FROM THE HORSE’S MOUTH
Justice JB Pardiwala spoke on the topic ‘Vox Populi vs Rule of Law: Supreme Court of India’ at a symposium jointly organised by some prominent law universities. He did not hold his horses and spoke his heart out at the state of the judiciary. Some of the key points he made were: “Constitutional courts have always graciously accepted informed dissents and constructive criticisms, but their thresholds have always debarred the personalised, agenda-driven attacks on the judges. This is what is harming the judicial institution and lowering its dignity. A trial is essentially a process to be carried out by the courts, however, in the modern day context; trials by digital media are an undue interference in the process of justice dispensation, crossing that Lakshman Rekha many a time. In India, which still cannot be classified as a completely mature and informed democracy, social and digital media is employed frequently to politicise purely legal and constitutional issues.”
Talking about the Ayodhya dispute, the SC judge said: “It was essentially a land and a title dispute, bordering upon the title of a deity.

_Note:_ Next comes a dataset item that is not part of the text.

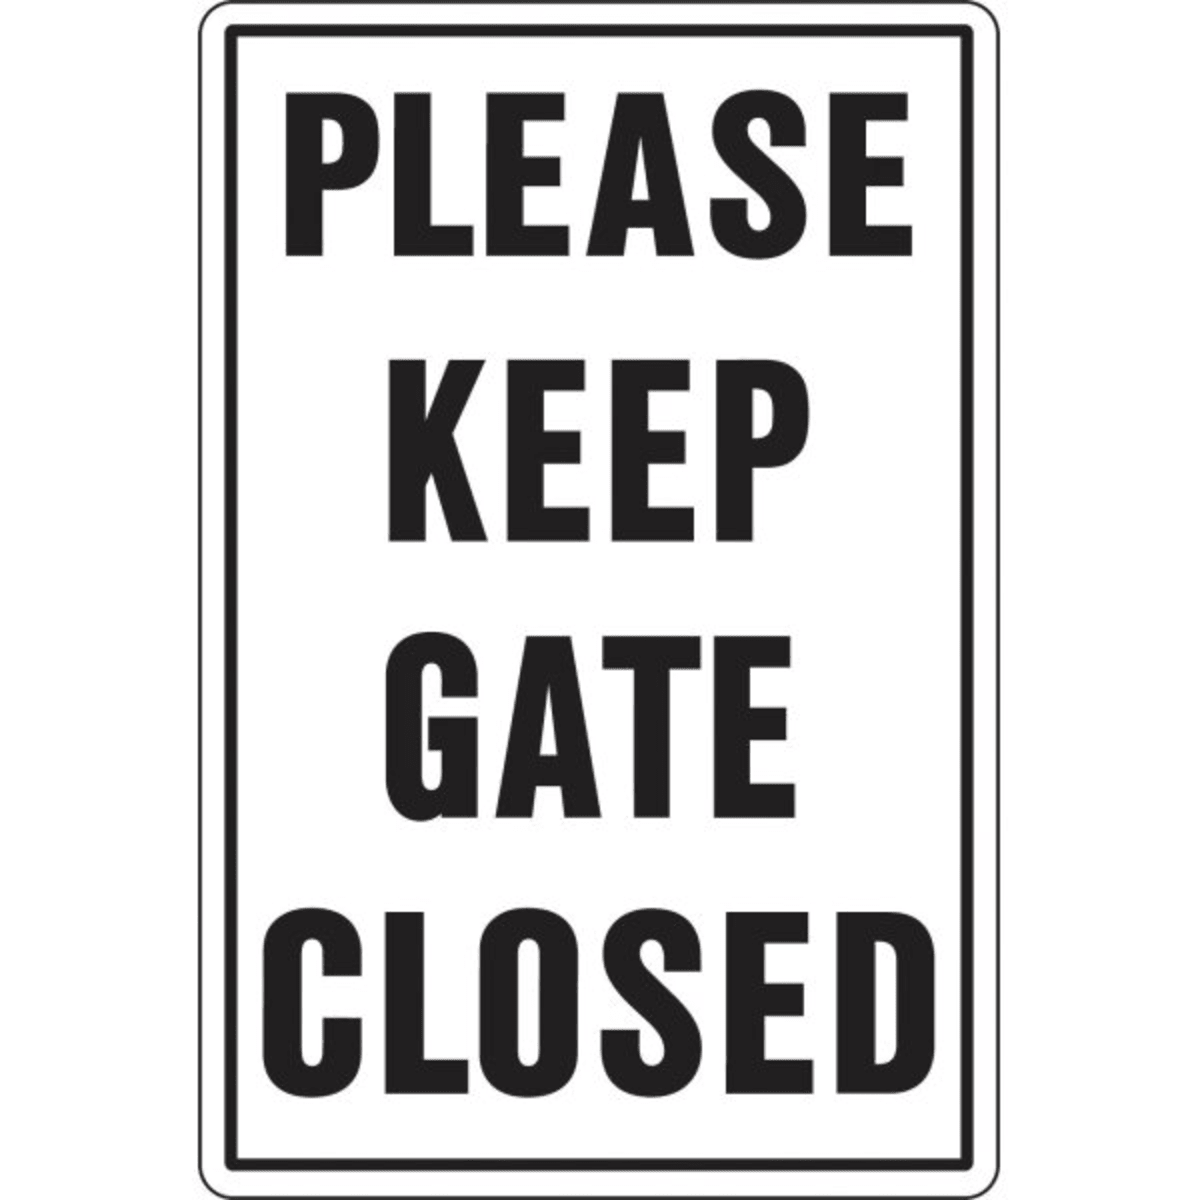 PLEASE KEEP GATE CLOSED ALUMINUM METAL SIGN MOUNTING HOLES 3 SIZES AVAILABLE

However, by the time the final verdict came to be delivered, the issue attained political overtones…This is where the heart of any judicial proceedings before the constitutional court may disappear and the judges deciding the dispute may get a bit shaken which is antithetical to the rule of law. This is not healthy for the rule of law. Balancing the intent of the majority populace on one hand and meeting the demands of affirming the rule of law on the other is an arduous exercise. It requires extreme judicial craftsmanship to walk the tightrope between the two”.
It is extremely important for the nation to ponder on the speech made by the Hon’ble Apex Court Judge. It is the job of the state to protect its judges from unfair criticism. Media trials should not be allowed. Legal and constitutional issues should not be permitted to be politicised. No judge must ever face the dilemma of walking a tightrope between vox populi and the demand of affirming the rule of law. One way is to find a middle path between a ‘laissez faire’ social media and one that is gagged to restrict reasonable criticism.
The government’s initiative to launch self-regulating bodies to oversee media high-handedness is a step in the right direction. However, like all legislation, the challenge is in effective implementation and ensuring fairness and not abusing the law by turning a Nelson’s eye when judges say something or give verdicts that are politically inconvenient or hurt the agenda of the right-wing.
Martin Luther King rightly said: “The arc of the moral universe is long but it bends towards justice.” Let us resolve to ensure it does so all the time.